I am developing a spatiotemporal tree-based ensemble framework (utilizing LightGBM, XGBoost, and CatBoost) to forecast dengue outbreaks based on climate variables (temperature, precipitation, humidity) and lagged historical case counts.

While tree-based algorithms are theoretically invariant to monotonic feature scaling, I am implementing scaling primarily because:

  1. I am calculating SHAP (Shapley Additive Explanations) values for post-hoc model interpretability and global feature importance.

  2. I am applying forward aggregation across temporal slices to prevent data leakage, meaning the range and variance of features dynamically shift across training validation windows.

I am debating between StandardScaler (Z-score normalization) and MinMaxScaler (0-1 normalization). Given the spatiotemporal and epidemiological nature of the data, StandardScaler appears to behave more robustly, but I want to ensure my architectural justification is sound.

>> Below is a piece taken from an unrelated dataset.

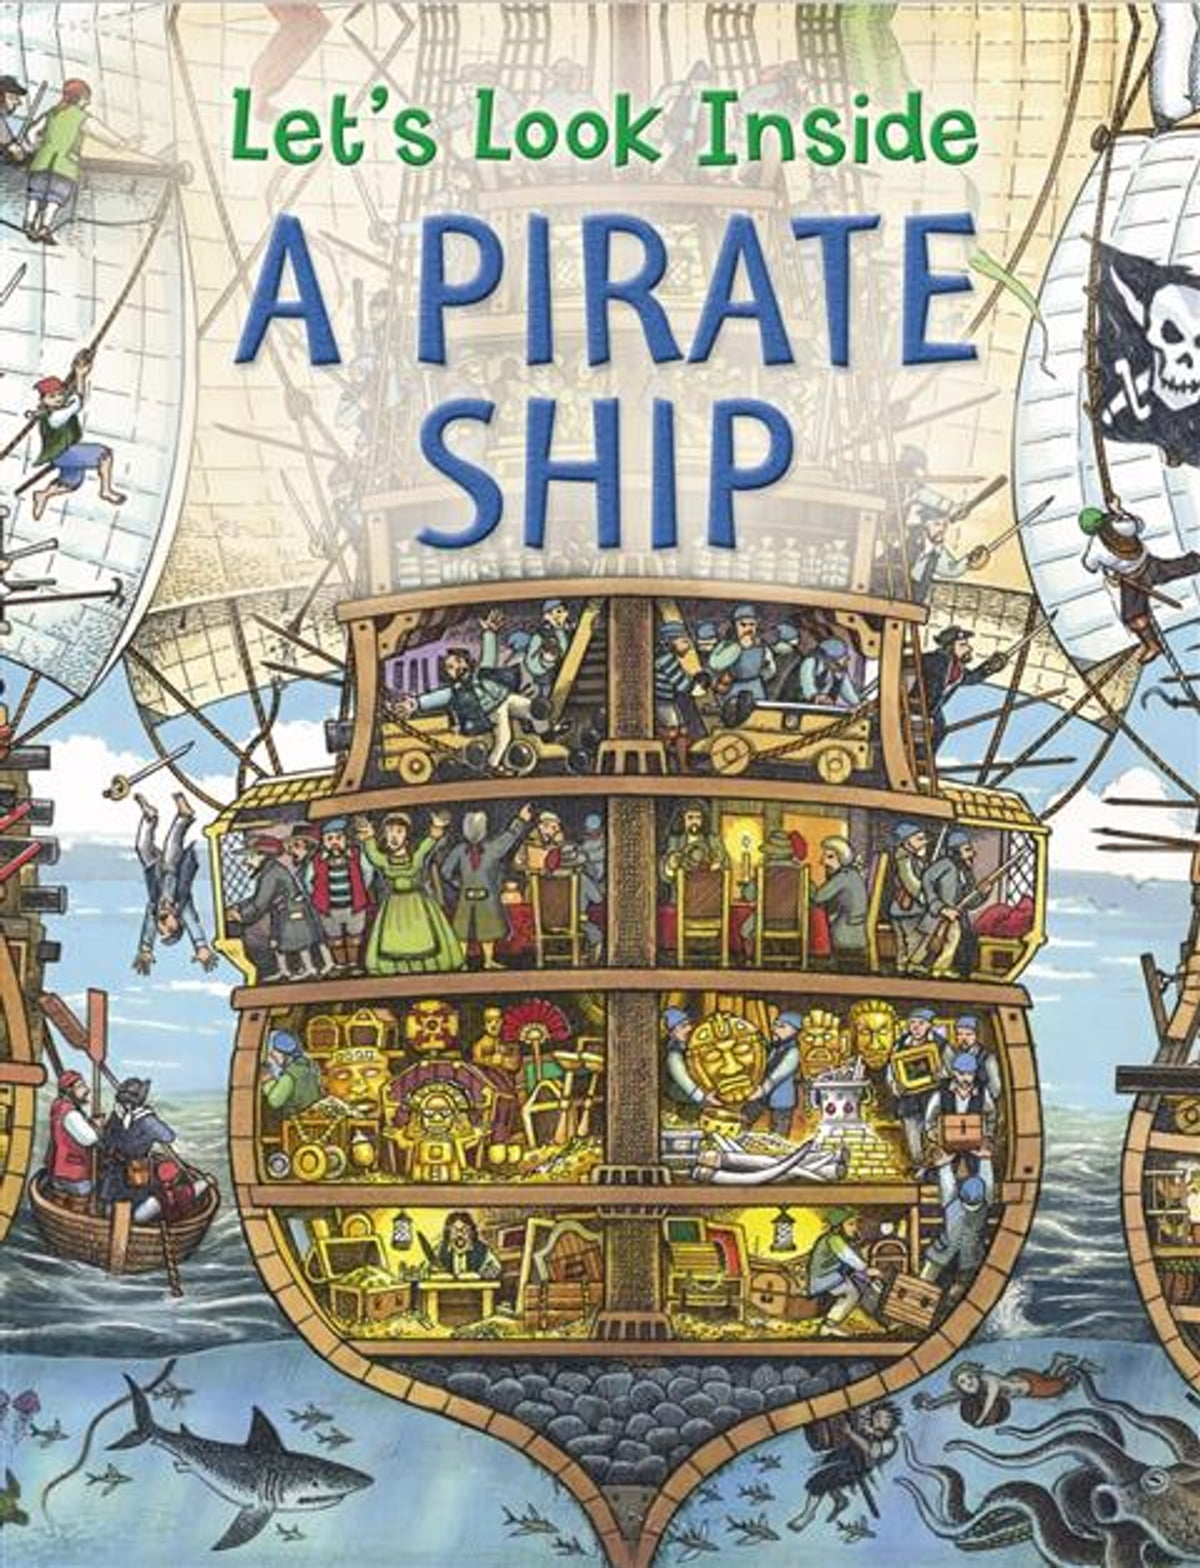 Pirate Ship eBook by Nicholas Harris - 9781912222247 | Rakuten Kobo

Here is a minimal visualization of how the choice impacts extreme climate outliers (e.g., a massive monsoon rainfall anomaly):

import numpy as np
import pandas as pd
from sklearn.preprocessing import MinMaxScaler, StandardScaler

# Simulating a climate feature with a severe anomaly (monsoon spike)
np.random.seed(42)
weekly_rainfall = np.random.normal(loc=150, scale=30, size=100)
weekly_rainfall = np.append(weekly_rainfall, [650])  # Extreme outlier event

df = pd.DataFrame({"Rainfall": weekly_rainfall})

# Applying both scalers
df["MinMax"] = MinMaxScaler().fit_transform(df[["Rainfall"]])
df["Standard"] = StandardScaler().fit_transform(df[["Rainfall"]])

print("Variance of normal weeks under MinMax:", df["MinMax"].iloc[:-1].var())
print("Variance of normal weeks under Standard:", df["Standard"].iloc[:-1].var())

My Observations & Core Dilemma:

  • The Outlier Compression Issue: Epidemic forecasting relies heavily on anomaly detection (e.g., a sudden spike in humidity/rainfall triggers a vector breeding surge). When using MinMaxScaler, the single extreme outlier (650 mm) compresses the variance of the entire "normal" historical distribution into a tiny, narrow band close to 0.

  • SHAP Interpretability Impact: Because MinMaxScaler alters the relative spacing and variance of non-outlier data points under compression, I have noticed it subtly distorts the baseline comparison in SHAP expectation values, making normal variations look uniform to the explainer.

  • StandardScaler Robustness: StandardScaler preserves the variance structure of the normal data because it centers around the mean and scales by standard deviation, allowing the anomaly to exist naturally out at $+5\sigma$ or $+6\sigma$ without destroying the internal resolution of lower-valued inputs.

Questions:

  1. Is my mathematical rationale sound that StandardScaler is objectively better than MinMaxScaler for tree-based ensemble interpretability (SHAP) when dealing with heavy-tailed epidemiological and climate anomalies?

  2. Does the variance compression caused by MinMaxScaler negatively impact the gradient splitting efficiency in LightGBM/XGBoost when handling spatiotemporal forward-aggregated data slices?